Example 1 - Process Data from List:

scala> val pairs = sc.parallelize( List(

				("This", 2),

				("is", 3),

				("Spark", 5),

				("is", 3)

										) )

...

scala> pairs.collect().foreach(println)

(This,2)

(is,3)

(Spark,5)

(is,3)

// Reduce Pairs by Keys:

scala> val pair1 = pairs.reduceByKey((x,y) => x+y, 4)

...

scala> pair1.collect.foreach(println)

(Spark,5)

(is,6)

(This,2)

// Decrease values by 1:

scala> val pair2 = pairs.mapValues( x=>x-1 )

scala> pair2.collect.foreach(println)

(This,1)

(is,2)

(Spark,4)

(is,2)

// Group Values by Keys:

scala> pairs.groupByKey.collect().foreach(println)

(Spark,CompactBuffer(5))

(is,CompactBuffer(3, 3))

(This,CompactBuffer(2))

Example 2 - Process Data from Local Text File

// Create an RDD from local test file:

scala> val testFile = sc.textFile("File:///home/PATH_TO_SPARK_HOME/README.MD")

RDD transformation and action can now be applied on the textFile

// This will display the number of lines in this textFile:

scala> textFile.count()

// or simply:

scala> textFile.count

// Note: if no argument, no parenthesis needed

// This will display the first line:

scala> textFile.first

// Filter lines containing "Spark":

scala> val linesWithSpark = textFile.filter (

						line => line.contains("Spark")

					)

// or simply:

scala> val linesWithSpark = textFile.filter(_.contains ("Spark"))

// Note: underscore "_" means every element in textFile

// Collect the content of linesWithSpark:

scala> linesWithSpark.collect ()

// Print lines of content of linesWithSpark:

scala> linesWithSpark.foreach (println)

// Map each line to #terms in it:

scala> numOfTermsPerLine = textFile.map ( line => line.split(" ").size )

// or simply:

scala> numOfTermsPerLine = textFile.map ( _.split(" ").size )

// Aggregate the numOfTermsPerLine to the max #terms:

scala> numOfTermsPerLine.reduce ( (a, b) => if (a>b) a else b )

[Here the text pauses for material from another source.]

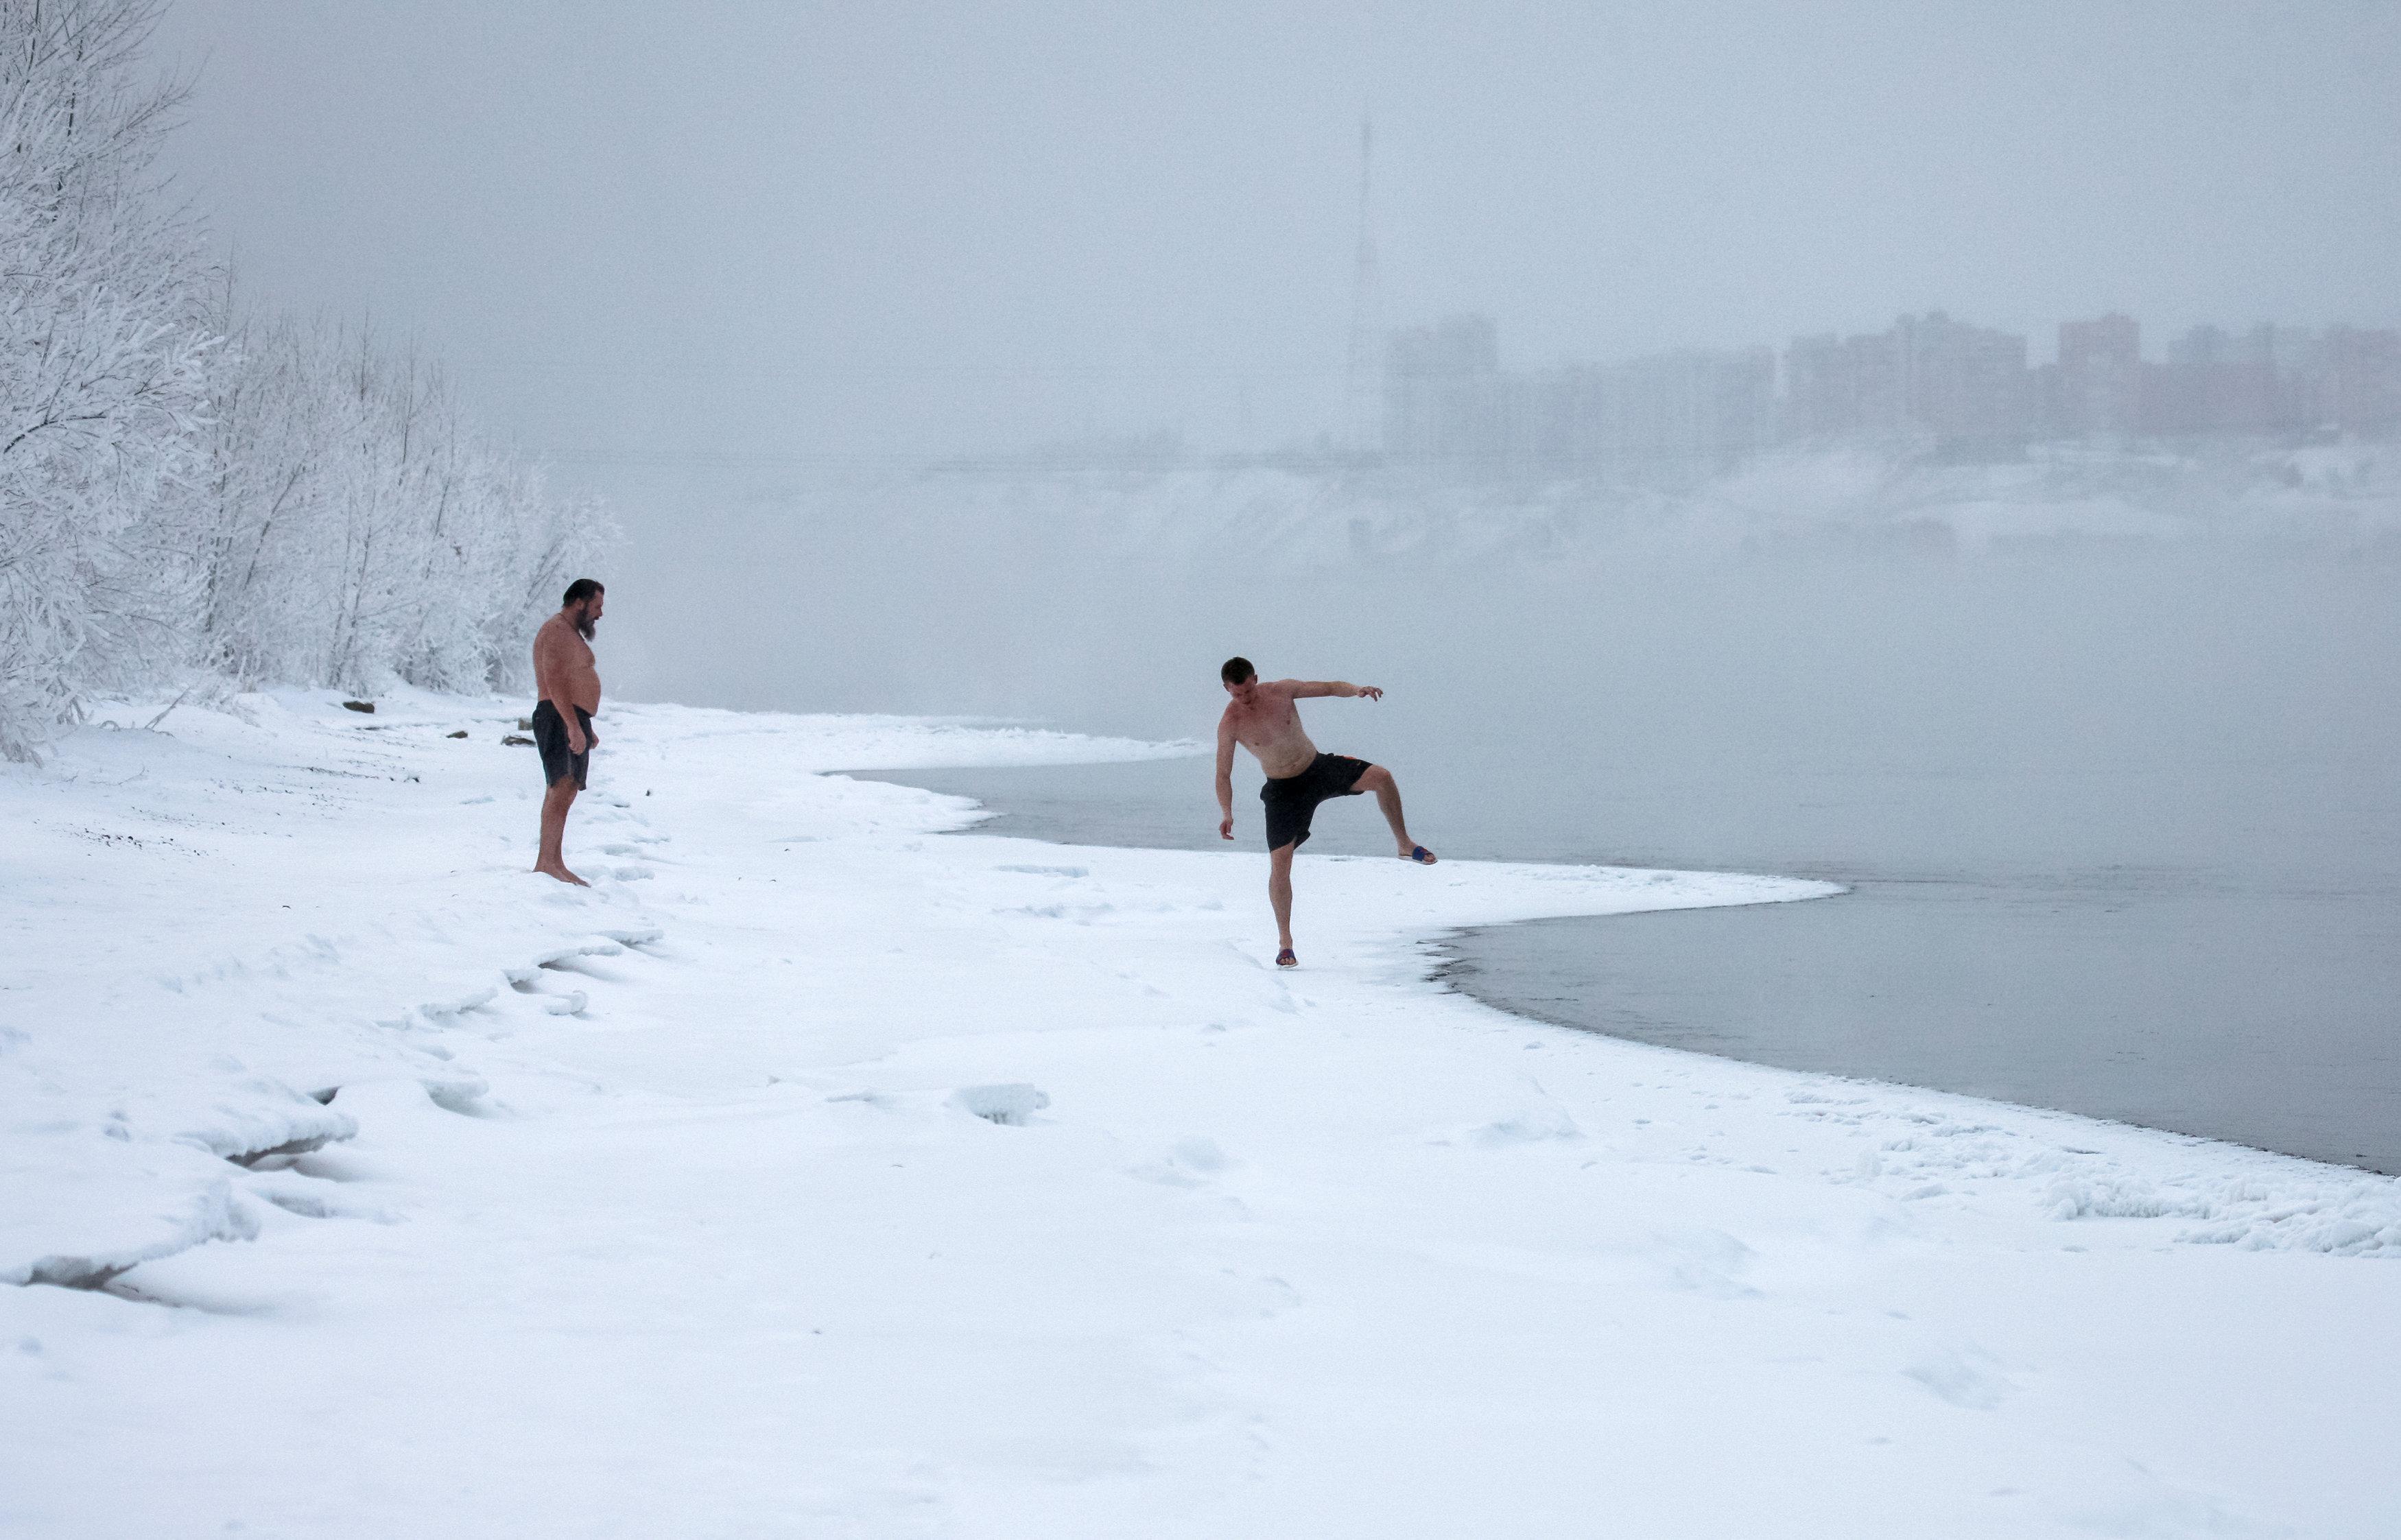 روس يتحدون الصقيع و يسبحون فى درجة حرارة تحت الصفر (2)

// or use package Math.max:

scala> import java.lang.Math

scala> numOfTermsPerLine.reduce ( (a, b) => Math.max(a, b))

// Convert RDD textFile to an 1-D array of terms:

scala> val terms = textFile.flatMap ( _.split(" ") )

// Convert RDD textFile to an 2-D array of lines of terms:

scala> val terms_ = textFile.map ( _.split(" ") )

// Calculate the vocabulary size in textFile:

scala> terms.distinct().count()

// or simply:

scala> terms.distinct.count

// Find longest line together with the length in textFile:

scala> val lineLengthPair = textFile.map (

		line => (line, line.length) )

scala> val lineWithMaxLength = lineLengthPair.reduce (

		(pair1, pair2) => if pair1._2 >= pair2._2 pair1 else pair2 )

// alternatively, in a concise way:

scala> val lineWithMaxLength = textfile.map (

		line => (line, line.length) ).reduce (

		(pair1, pair2) => if (pair1._2 >= pair2._2) pair1 else pair2 )

// Find out all lines with "Spark" along with line number (start with 0)

// and output with format <line_no: line_content>

scala> val lineIndexPair = textFile.zipWithIndex()

scala> val lineIndexPairWithSpark = lineIndexPair.filter (

		_._1.contains("Spark"))

scala> lineIndexPairWithSpark.foreach (

		pair => println ( pair._2 + ": " + pair._1 )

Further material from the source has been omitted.